A N Akbar1, P L Amlot, A Timms, G Lombardi, R Lechler, G Janossy.   

Abstract

In normal individuals, 80 +/- 5% of circulating CD8+ T cells express CD45RA, and 20 +/- 7% of these cells express CD45R0 antigens. After activation, CD8+ cells expressing CD45RA decrease to 56-67% while those expressing CD45R0 increase to 38-67%. Although precursors of alloantigen-specific cytotoxic T cells were found in both CD8+, CD45RA+ and CD8+, CD45R0+ subsets, the specific effector cells were exclusively CD8+, CD45R0. Allospecific cytotoxic CD8+ clones were also entirely CD45R0+. A lectin-dependent cytotoxic (LDC) assay unmasked a hierarchy of killing after alloactivation which was CD8+, CD45R0+ greater than CD8+, CD45RA+ greater than CD4+, CD45R0+ greater than CD4+, CD45RA+. The phenotype of CD8+ T cells in rejecting kidneys was similar to in vitro alloantigen-activated CD8+, CD45R0+ cells and cytotoxic CD8+ clones. Firstly there was an increase in the relative proportions of CD45R0+ (60 +/- 8%) and a decrease in CD45RA+ (35 +/- 10%) CD8+ cells relative to circulating CD8+ subsets. In the rejecting grafts, 34 +/- 9% of the CD8+ cells were also DR+ indicative of recent activation. Furthermore, 16% (range 4-35%) of rejecting CD8+ cells were Ki67+ suggesting that these cells were proliferating. Finally, 17% (range 4-53%) of T cells in rejecting kidneys simultaneously expressed both CD45RA and CD45R0 markers.

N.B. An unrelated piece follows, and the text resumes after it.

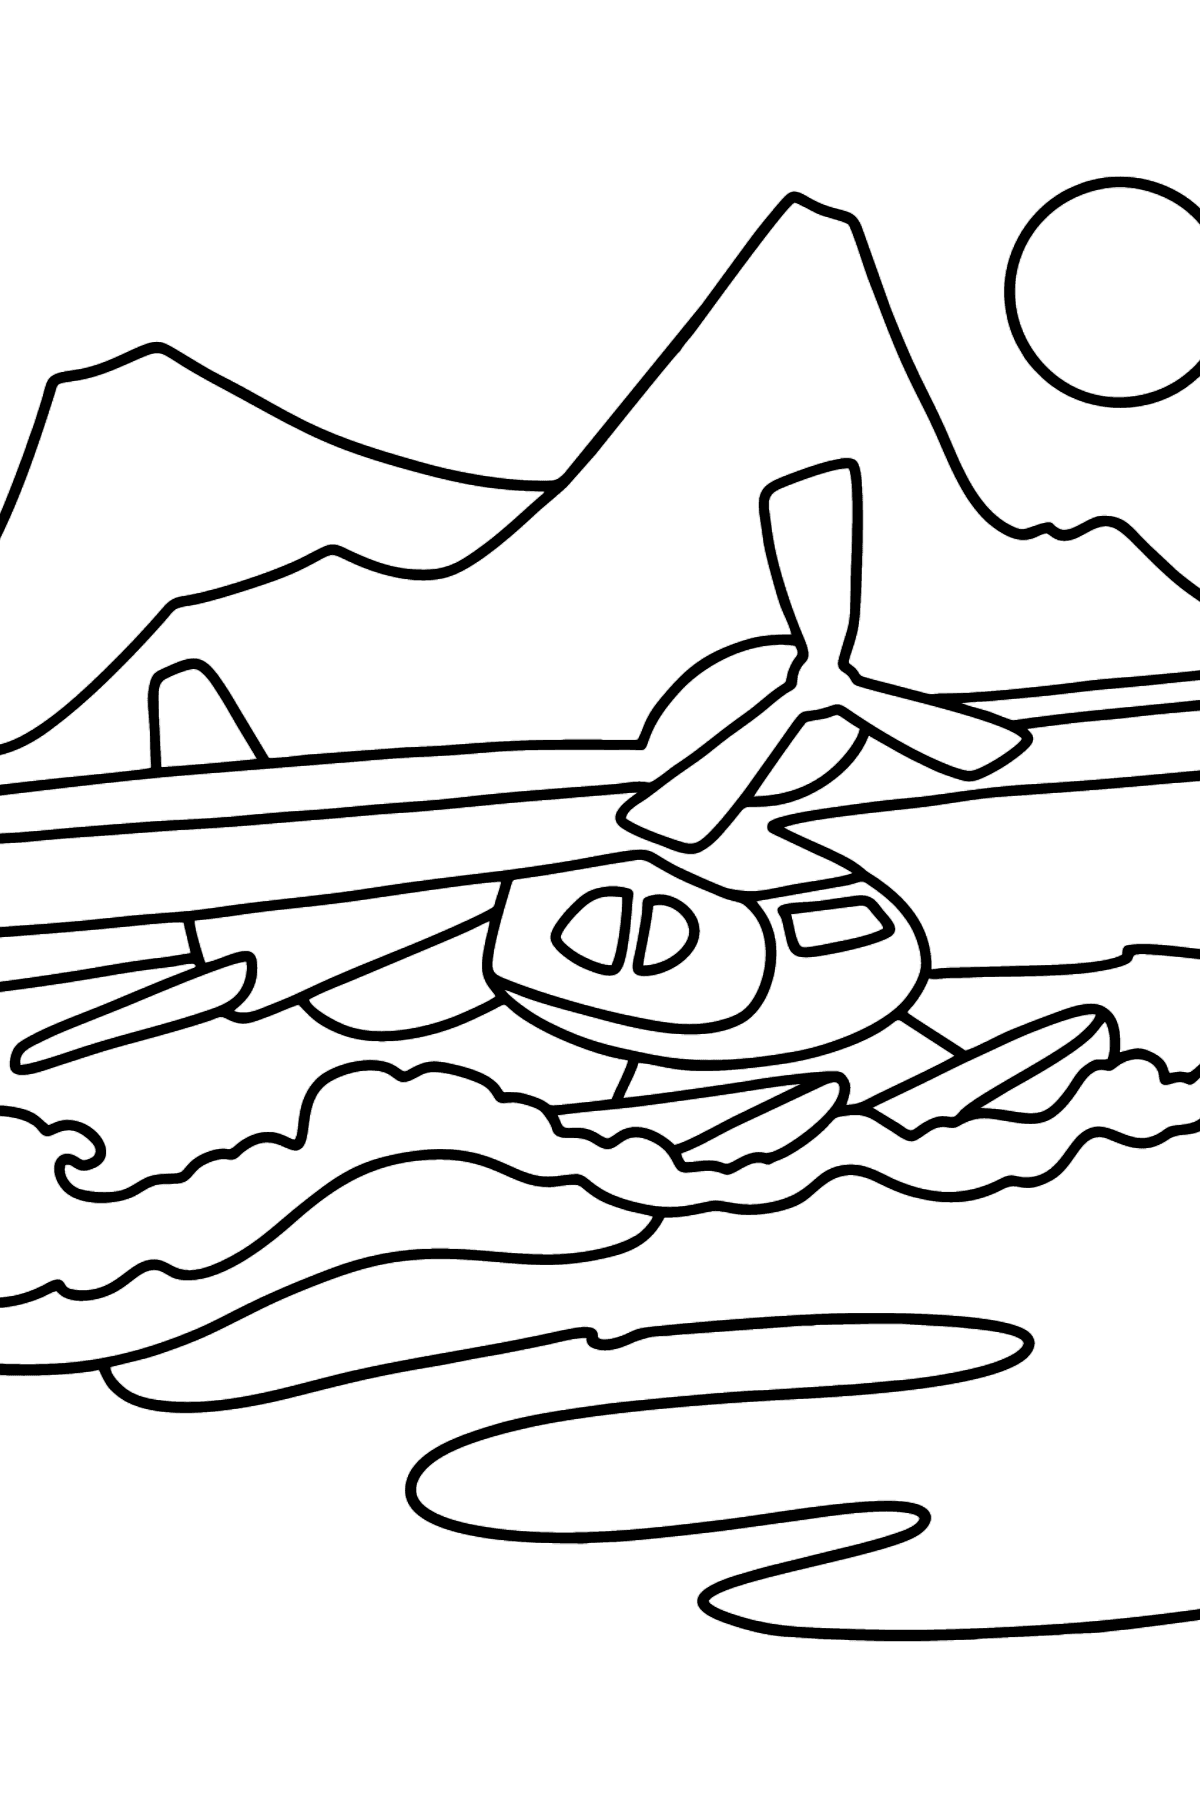 Boyama sayfası küçük deniz uçağı - Boyamalar çocuklar için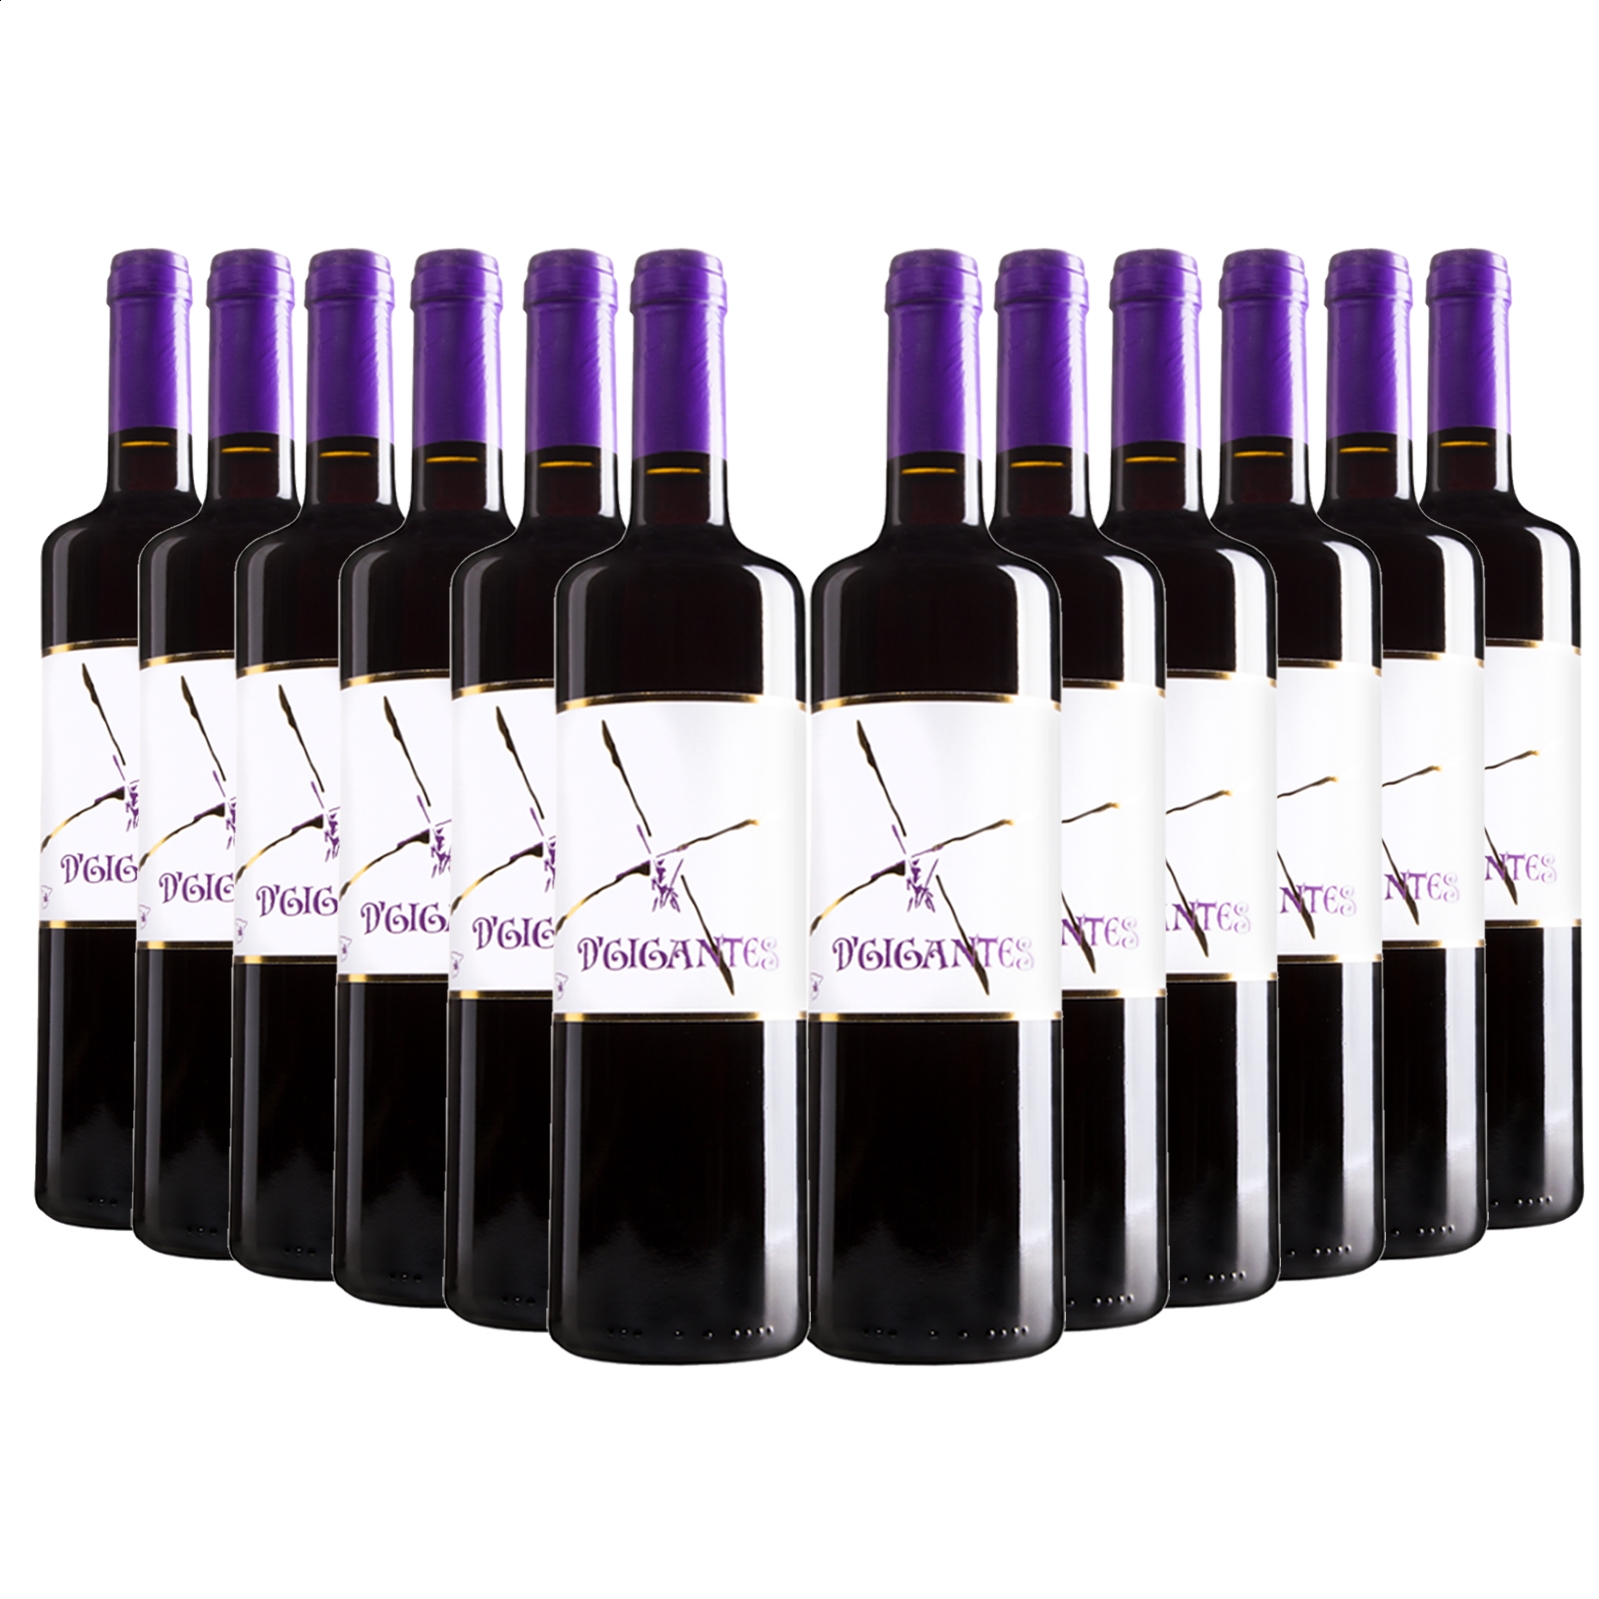 Vinícola del Carmen - D'Gigantes vino tinto Syrah IGP Vino de la Tierra de Castilla 75cl, 12uds

These results show that in vitro alloantigen-activated CD8+, CD45R0+ cells represent a primed/memory cytotoxic population. In addition, they provide indirect evidence that a proportion of CD8+ cells in rejecting kidneys were actively switching from a naive to a memory phenotype in vivo in a manner analogous to that in vitro.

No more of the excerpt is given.